Restate the data exactly as given and keep the pictures out.

■ SUPPLIED INFORMATION:
----------

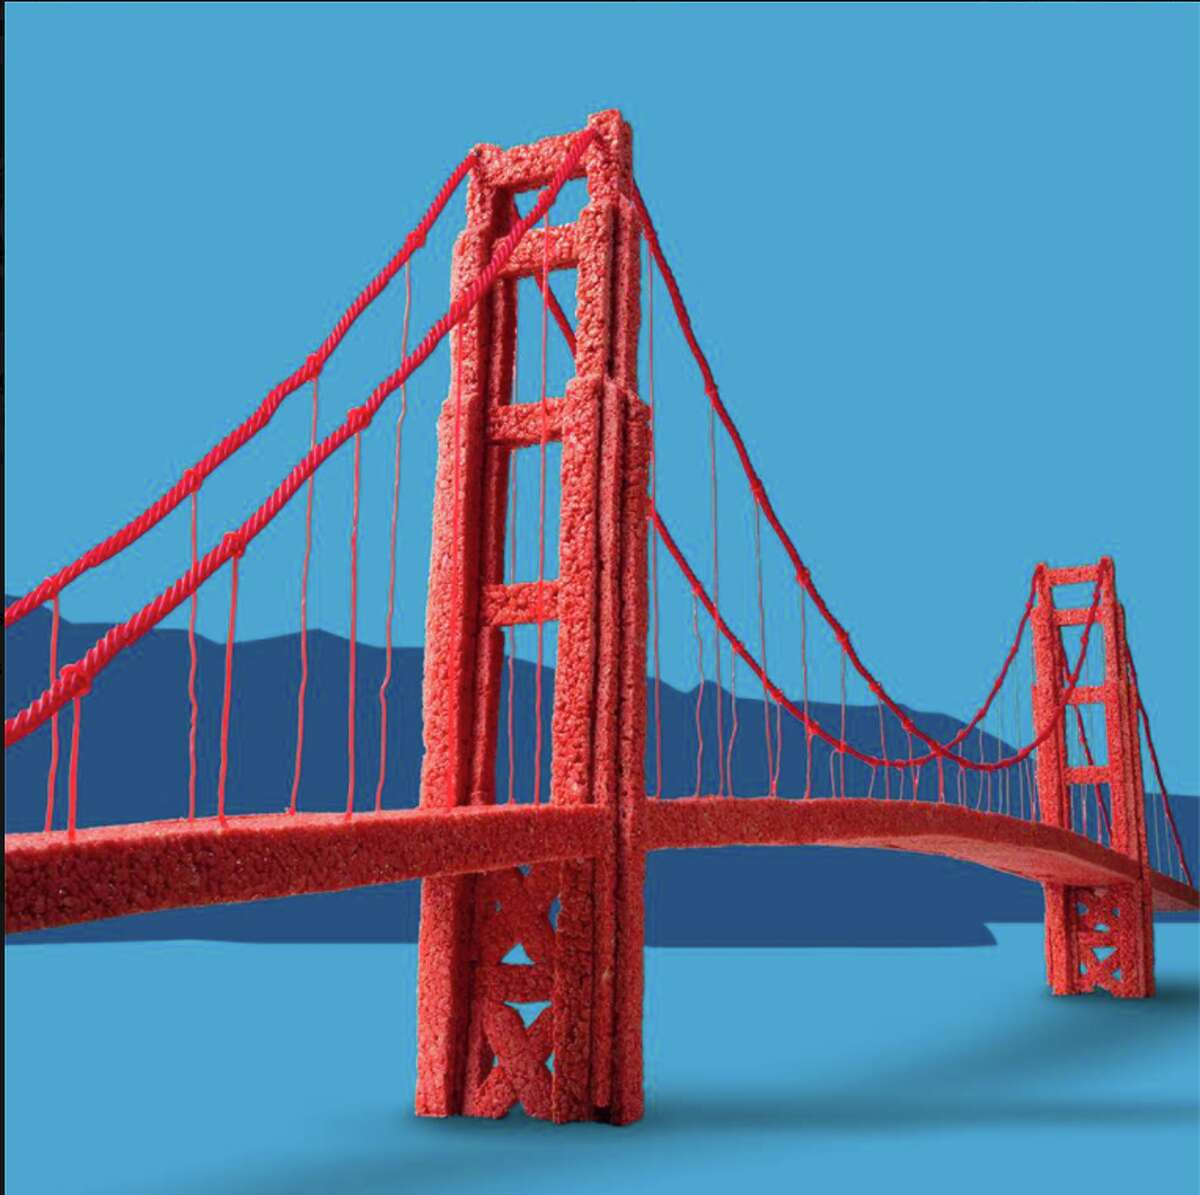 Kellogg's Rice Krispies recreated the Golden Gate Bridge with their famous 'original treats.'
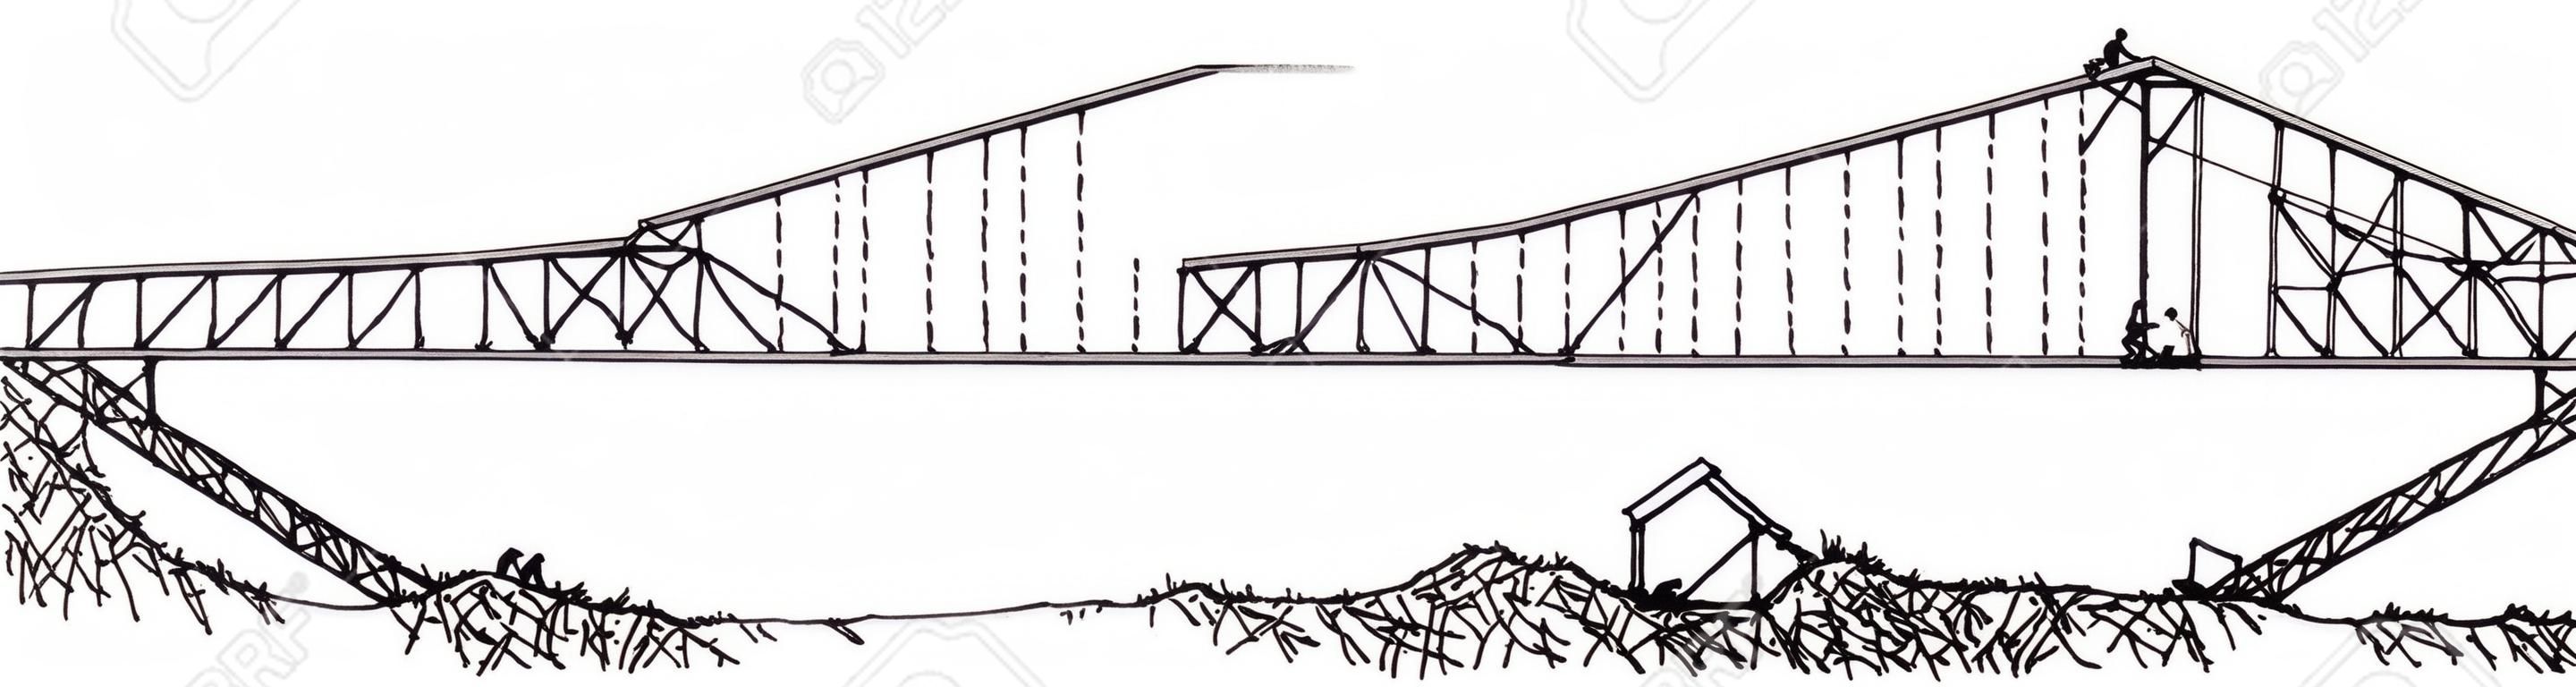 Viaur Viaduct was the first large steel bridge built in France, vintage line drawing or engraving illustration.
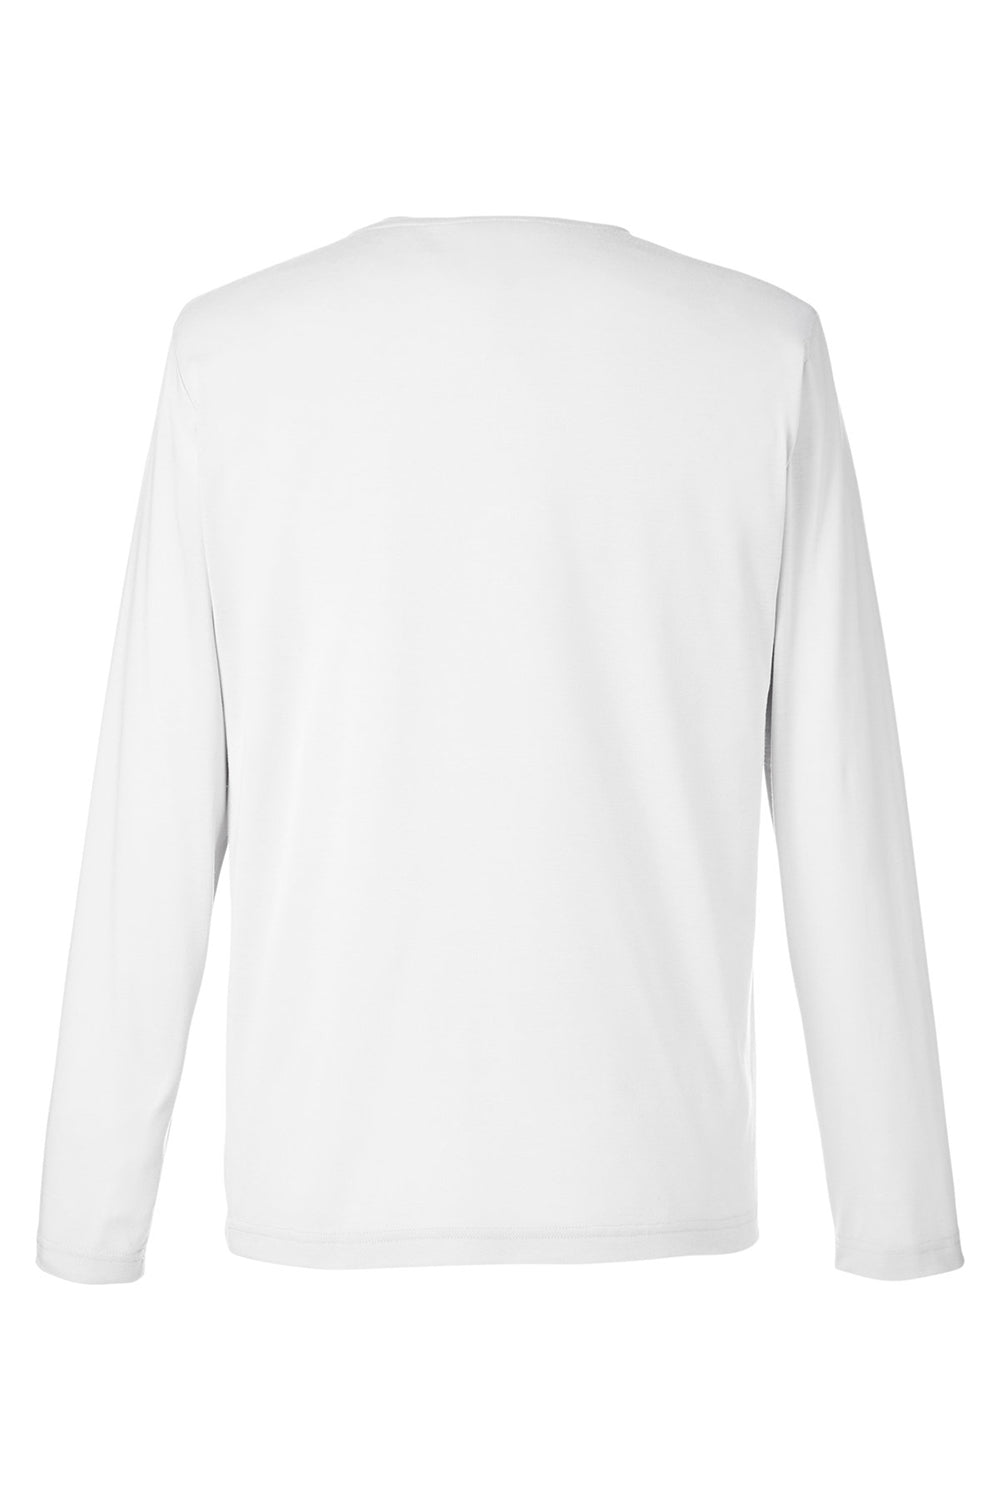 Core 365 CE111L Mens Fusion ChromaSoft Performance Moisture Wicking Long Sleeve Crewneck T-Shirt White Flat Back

----------

■ RESULT FOR THIS EXERCISE:
 Kellogg's Rice Krispies recreated the Golden Gate Bridge with their famous 'original treats.'
 Viaur Viaduct was the first large steel bridge built in France, vintage line drawing or engraving illustration.
 Core 365 CE111L Mens Fusion ChromaSoft Performance Moisture Wicking Long Sleeve Crewneck T-Shirt White Flat Back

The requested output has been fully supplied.